Swimmers rescued from the East Fork

Gravity can get someone down to the East Fork canyon to a swimming hole but the route back up can be problematic climbing on steep, river-polished granite and poison oak-filled vertical slopes.

When the East Fork of the Kaweah Rivers is viewed from the Mineral King Road near the 2.5 mile marker, one can see swimming hole after swimming hole. This makes it difficult to resist the temptation to scramble down. But don’t! Because what goes down must come back up — and in most places along the East Fork, it’s nearly impossible without technical gear.

Apparently, the temptation to go down was too much for three swimmers on Sunday, August 18. After getting cooled off and enjoying one of the best river swims imaginable, the trio started back up the way they came down.

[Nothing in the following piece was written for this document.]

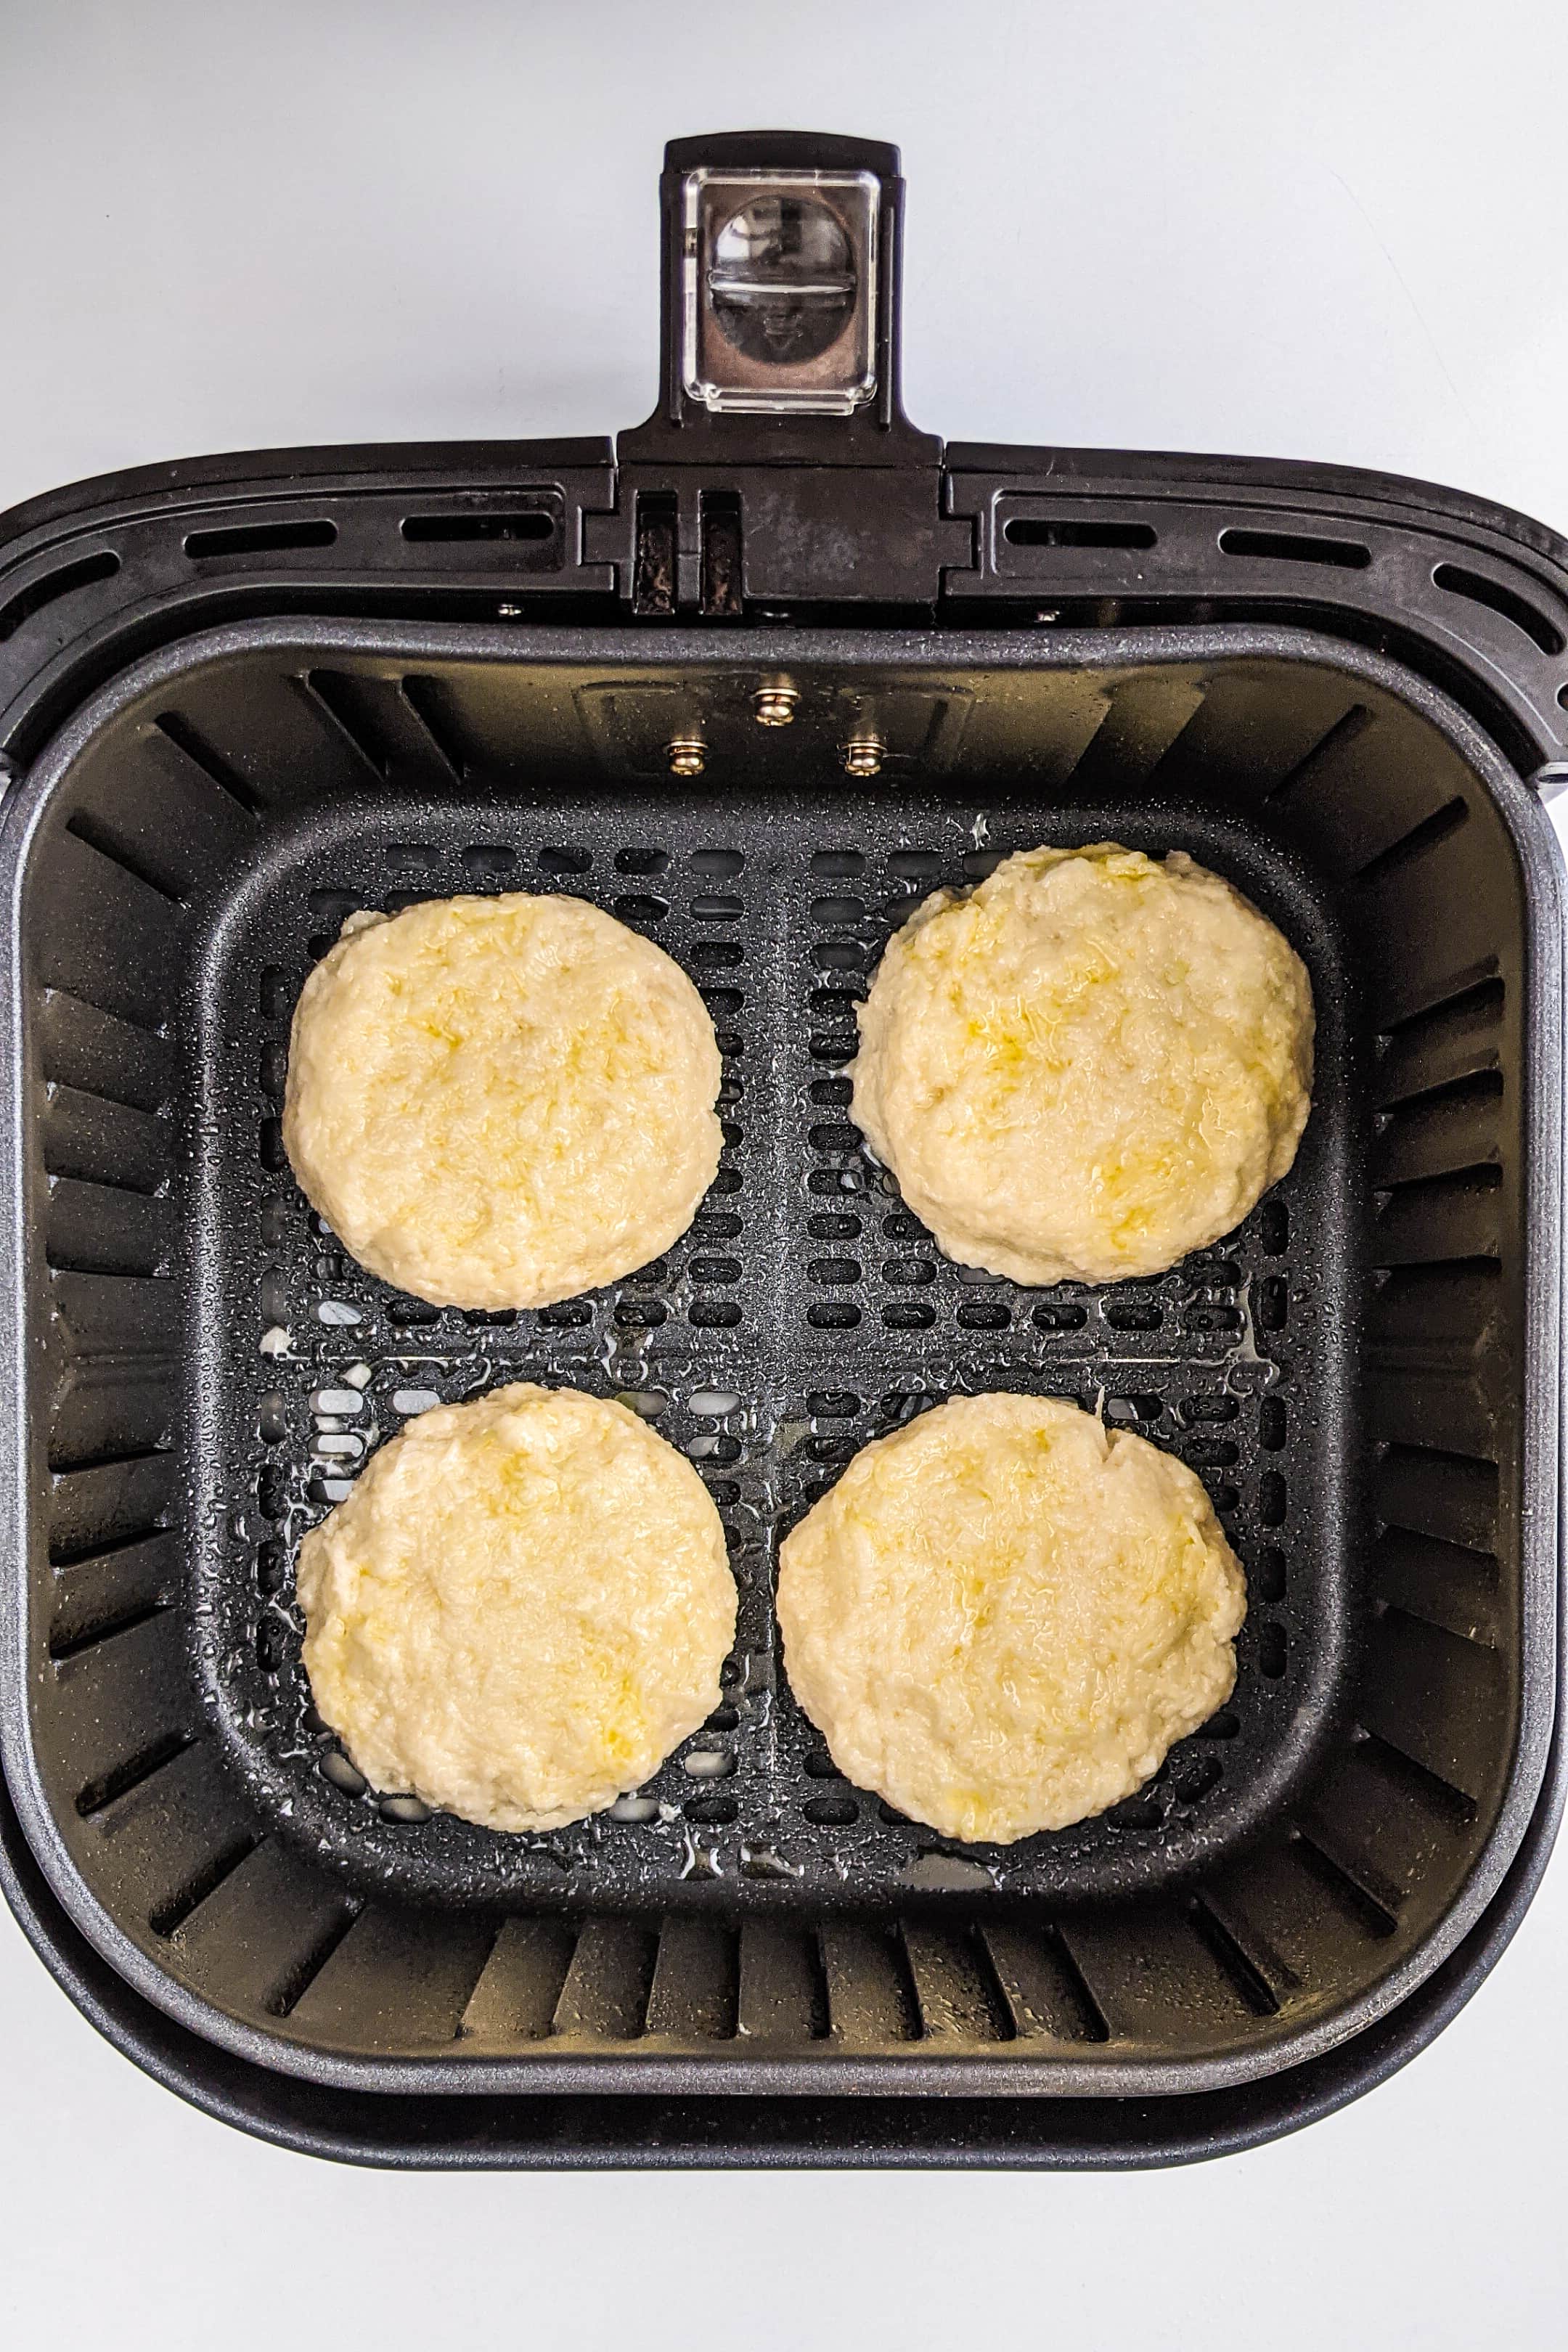 Raw hash browns in the air fryer basket.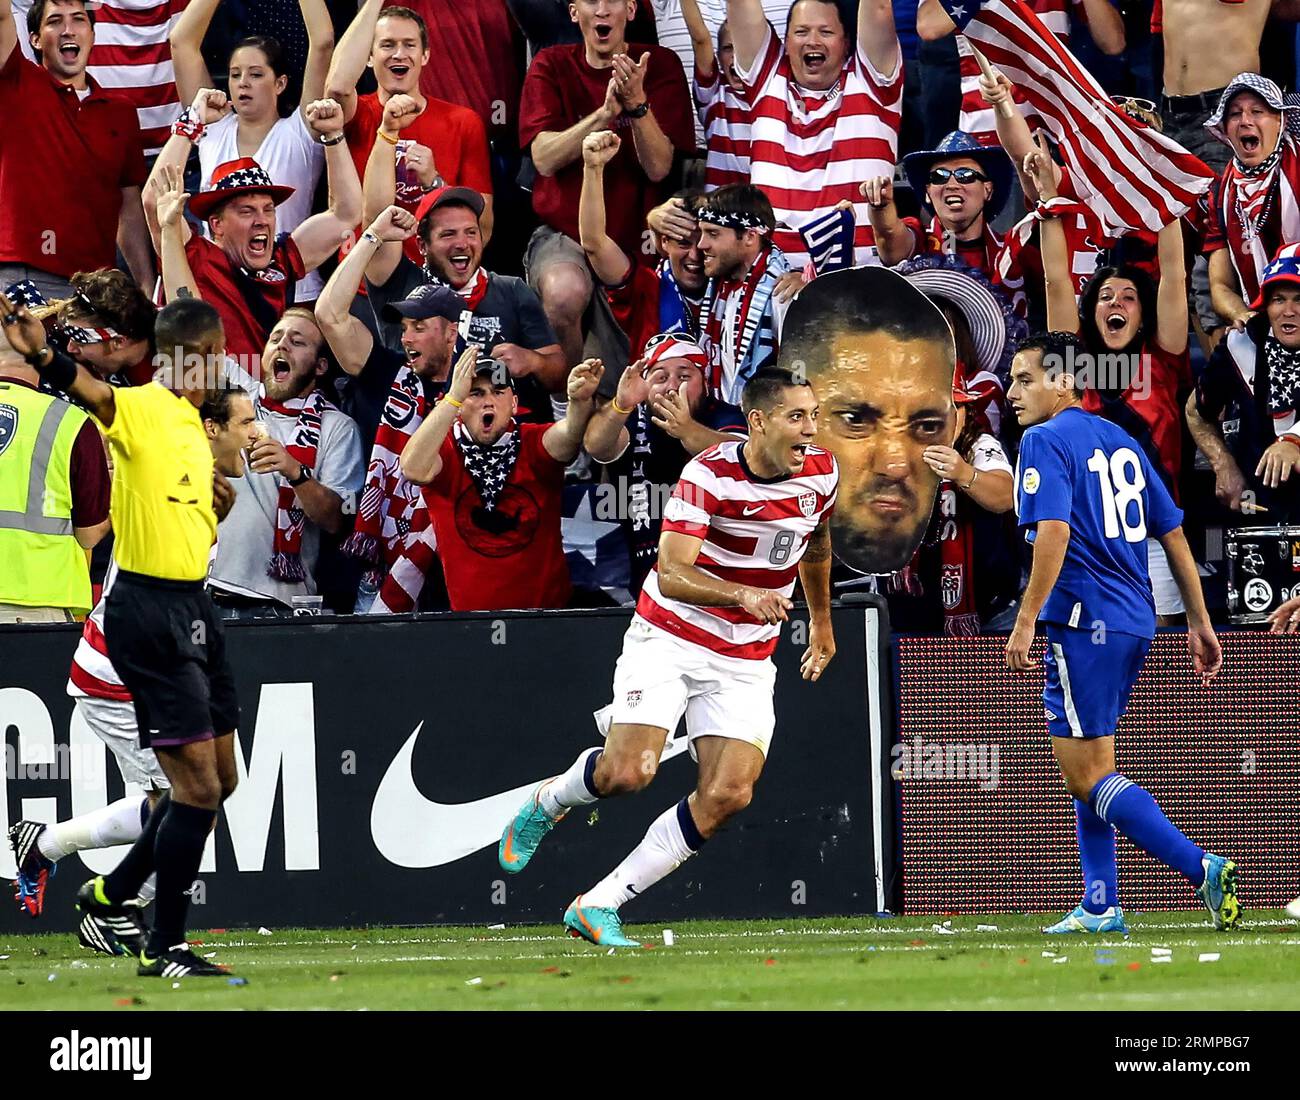 October16 2012:  Clint Dempsey (8)of the USA MNT and a cartoon likeness after he had scored and passes Carlos Figueroa (18) of  Guatemala during a CONCACAF semi-final World Cup qualifier at Livestrong Sporting Park, in Kansas City, KS. USA won 3-1. Stock Photo

After trying to find a route, they realized that they were no match for the sheer, slippery granite. Their next idea was to cross to the east side of the river and find a way out in that direction. They soon got stranded on a ledge.

By this time, it was approaching dusk so they signaled by flashing a strobe light in the direction of a lighted building in the distance. Guests at Buckeye Tree Lodge saw the signal and someone called 911.

In less than an hour, a CHP helicopter was shining a light on the stranded swimmers so rescuers could get to their position. Two deputies tried to walk the swimmers out but Michael Mendiola, 33, of Tulare, became overheated and couldn’t continue.

At that point the two deputies and the swimmers hunkered down for the night. At dawn, a fire rescue team arrived and moved Mendiola to a site where the helicopter could land.

Mendiola was airlifted to Kaweah Delta Medical Center in Visalia for treatment. The other two victims were examined at the scene and released.